According to investor.id data source Carbon Brief, the Indonesian government offers power subsidies and compensation with a budget of Rp. 127.9 trillion. This sum is higher than the previous year’s total of Rp. 74.4 trillion. The government provides subsidies and incentives so that PLN may continue to acquire coal from the firm while keeping power prices stable. Owners of coal mining enterprises will gain the most during this period of energy shortage. In January-March 2022, one of the coal mines had a 457.6% rise in net profit. Until June 2022, Indonesia’s coal output has achieved 283.57 million tons, or around 42.77% of the target for 2022, which was 633 million tons. Meanwhile, national coal sales through June 2022, which included both exports and domestic sales, were 175.15 million tons.
Climate Commitment Challenge
It is quite difficult to retain environmental commitment in these times. On the one hand, humans are attempting and committed to keeping the environment stable by reducing the greenhouse effect, which can harm the ozone layer, but the current situation has not provided an opportunity to obtain energy that is cleaner and environmentally friendly, and can be produced in large quantities quickly, other than rocks and coals. Coal processing and utilization as an energy source has been known for over a century, and its influence has been felt in recent decades. However, the usage of coal cannot be minimized or eliminated at this time. Europe’s Germany, Poland, and even India in Asia ordered coal from Indonesia to meet their national energy demands. This has occurred since Russia’s sanctions were implemented.
This circumstance demonstrates how the political system affects the food chain. With the increased usage of coal in many regions of the world, it is possible that the Paris Agreement and the G20 statement, as well as other environmental and climate-related pledges, will be revisited. However, increased worldwide coal usage will hasten the depletion of global coal stockpiles. Keep in mind that nature takes thousands of years to generate coal, but human progress in this century is so rapid.

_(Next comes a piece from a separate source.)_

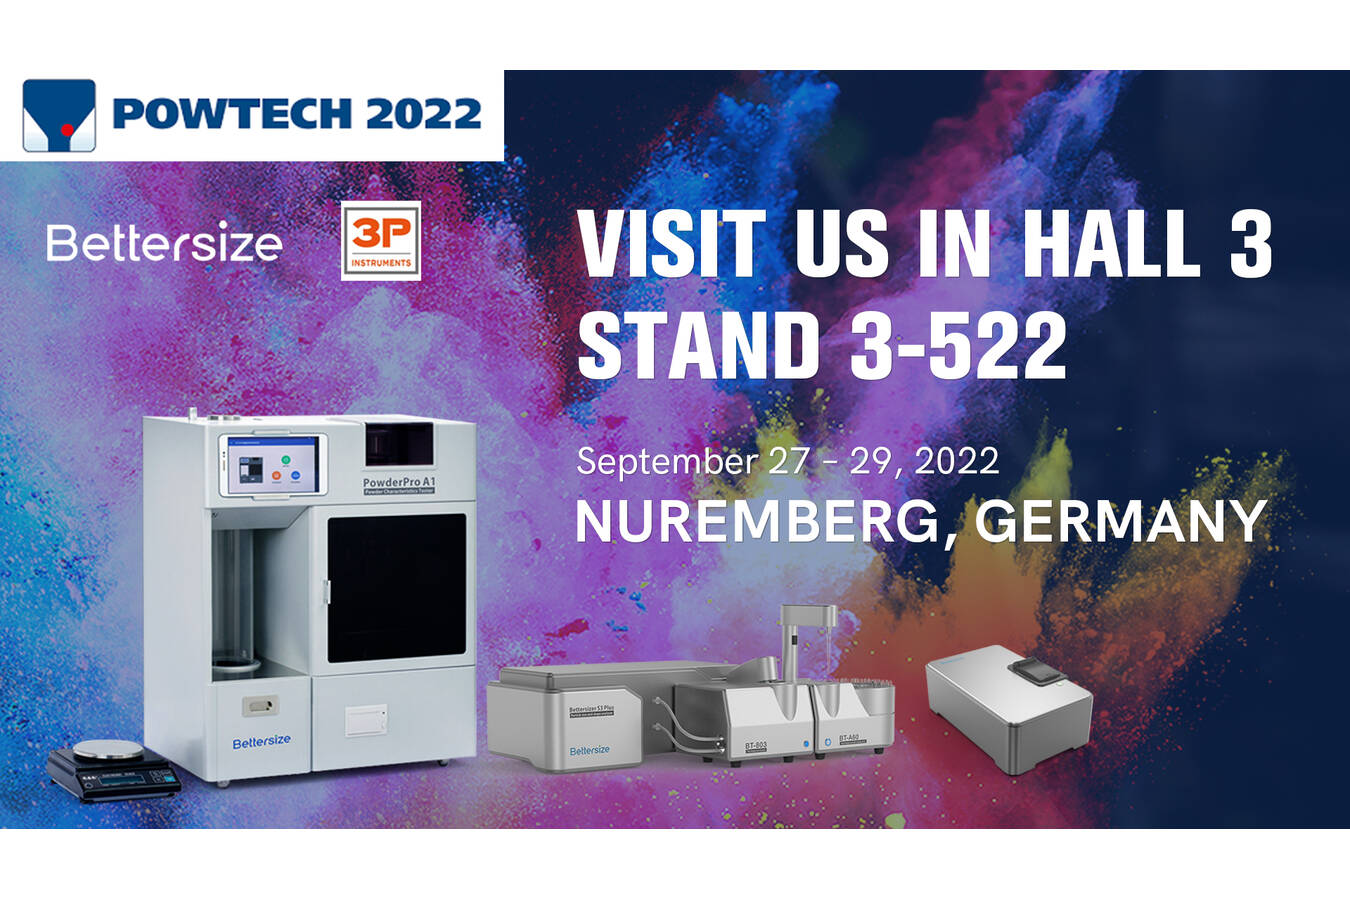 3P Instruments will be at the Powtech in Nuremberg Visit our booth 522 in hall 3 and consult our experts about the characterization of particles, powders and pores.

The human task of sustaining the appropriateness of a place to live in the face of global instability will never diminish. These obstacles might arise from the environment in which humans live or from outside sources such as governmental policy, commerce, and conflict. The recent increase in the use of coal is a short-term effort for humans to survive and carry out their activities, but in the long run, human dependence on coal must be considered, given that humans’ ability to grow and reproduce faster than nature’s ability to produce coal for humans, and even if coal is still relied on, it will accelerate environmental pollution, which then affects weather and climate. It is vital to review how the commitment to environmental protection has been pursued in both local and international obligations.